Visualisation / Volcano plot

Description

Tests whether the genes are differentially expressed using one-sample t-test, and plots the result in the form of a Volcano plot. A table with the original data, scaled fold change values and adjusted p-values is also returned.

Please note that Chipster contains also an interactive Volcano plot visualization, which allows you to select genes for further analysis. The interactive Volcano plot appears in the pull-down menu of the visualization panel when a dataset containing a fold change column and p-value column has been selected (these columns are produced for example by the empirical Bayes method of the two group test tool and the linear modelling tool).

Parameters

Details

This tool is best suited for 2-color array data where the comparison to a common reference is done on the array, as the distribution of expression values for each array is naturally symmetrically centered around 0 in the log scale. In order to be applicable also for other data, such as that from 1-color arrays, the tool autoamtically runs a per array scaling that forces the mean of each array to 0 and the standard deviation to 1. The 1-sample t-test then identifies the genes that differ from the value of 0 in a statistically significant manner across a number of arrays (at least 2 are needed), taking the standard deviation of the values into account.

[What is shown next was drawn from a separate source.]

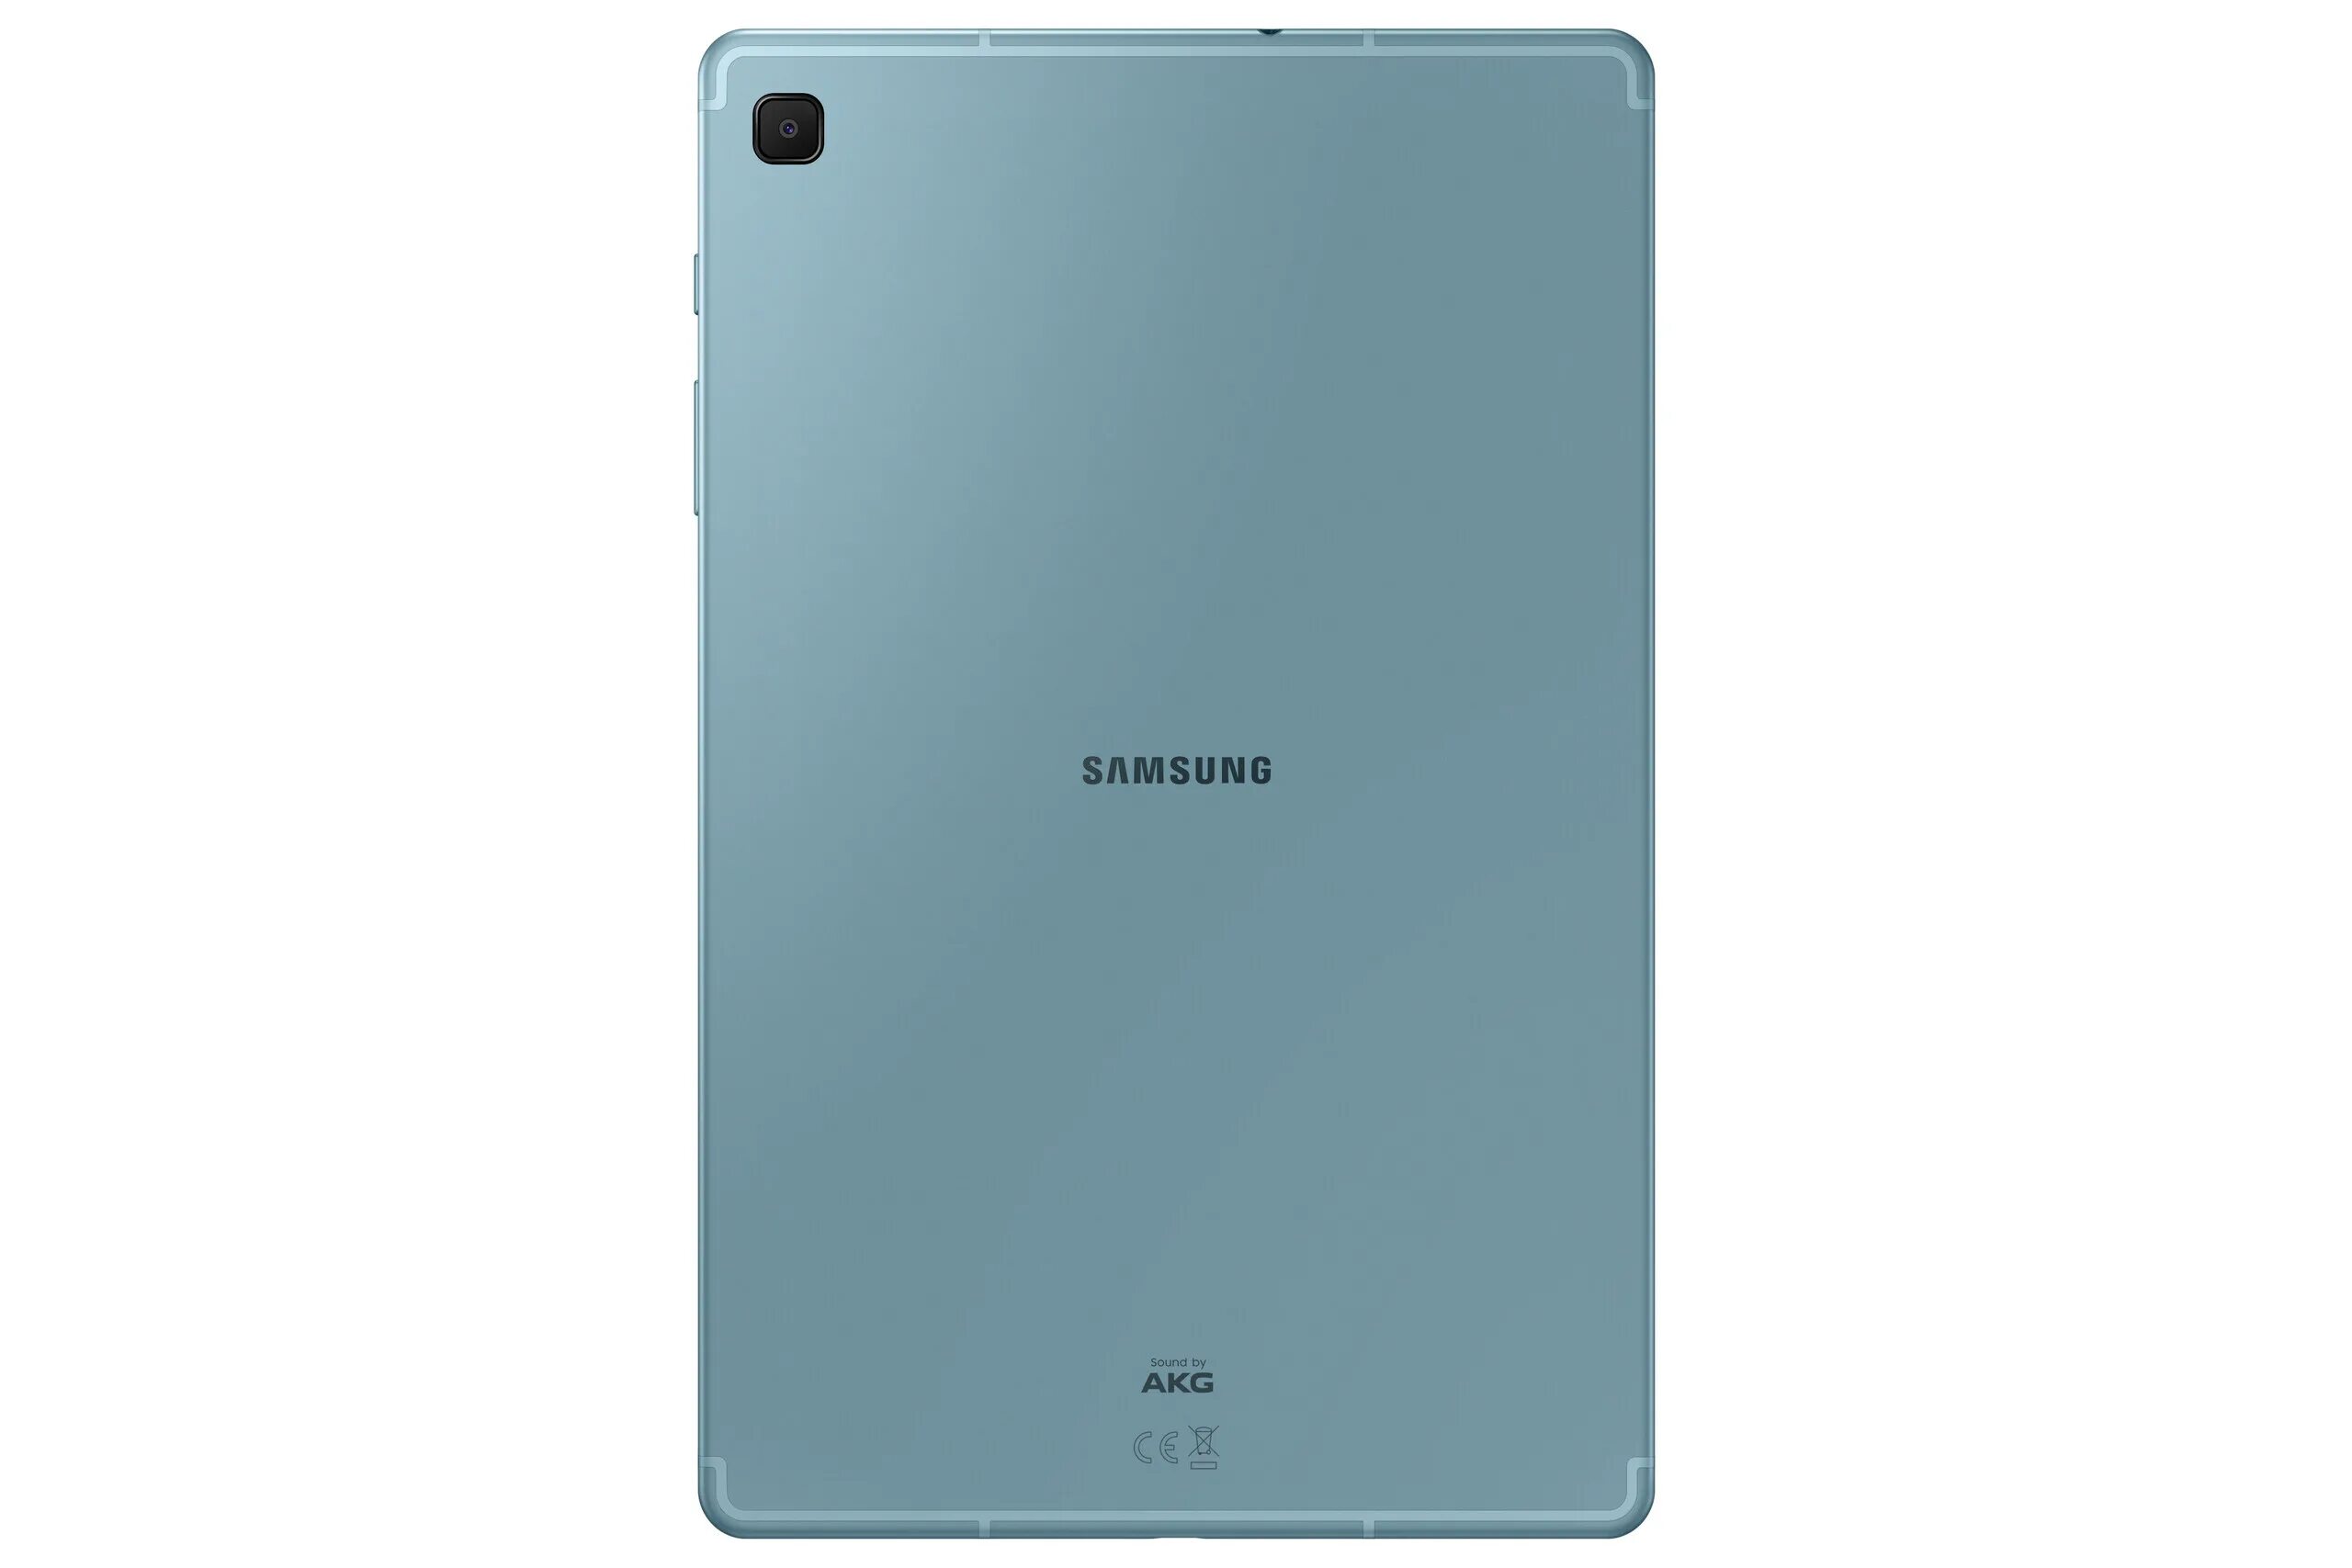 Планшеты galaxy 128gb. Планшет Samsung Galaxy Tab s6 Lite 10.4 SM-p615 64gb LTE (2020), серый. Samsung Galaxy Tab s6 Lite 10.4 SM-p615. Samsung Galaxy Tab s6 Lite SM-p615n 9611 (. Планшет Samsung Galaxy Tab s6 Lite SM-p615n.

The Volcano plot displays the statistical significance as a function of the magnitude of differential expression. In order to get an increasingly high value on the y-axis as p-values become more significant (i.e. lower), Chipster performs a base 10 log transformation with a change of sign. Hence a p-value of 1 (not significant at all) would yield a value of 0 on the y-axis as y = -(log10(1)). The usual cut-off levels of significance p=0.05 and p=0.01 are 1.3 and 2, respectively. The user given threshold p-value is indicated with a dashed line. The x-axis values are simply the scaled values averaged across the arrays in the whole dataset. The statistically significantly over-expressed genes are plotted with red color, and the under-expressed with green. Genes that are not changing are plotted with black. Another plot displays the variation of the expression value as the length of the bars representing the genes.

Output

Two PNG images containing Volcano plots as shown below, and a table containing the original data and the numerical values used in the volcano plots: a column termed "FC" containing the averaged expression values (after per array scaling described above), and a column called "p.adjusted" containing the adjusted p-values (before the log10-transformation and sign change). Note that the column is called "p.adjusted" even if you have turned the multiple testing correction off by selecting "none" in the parameter settings. The data table can be visualized also with the interactive "Volcano plot" visualization method in the "Visualization" panel. This allows you to select data points and create data subsets.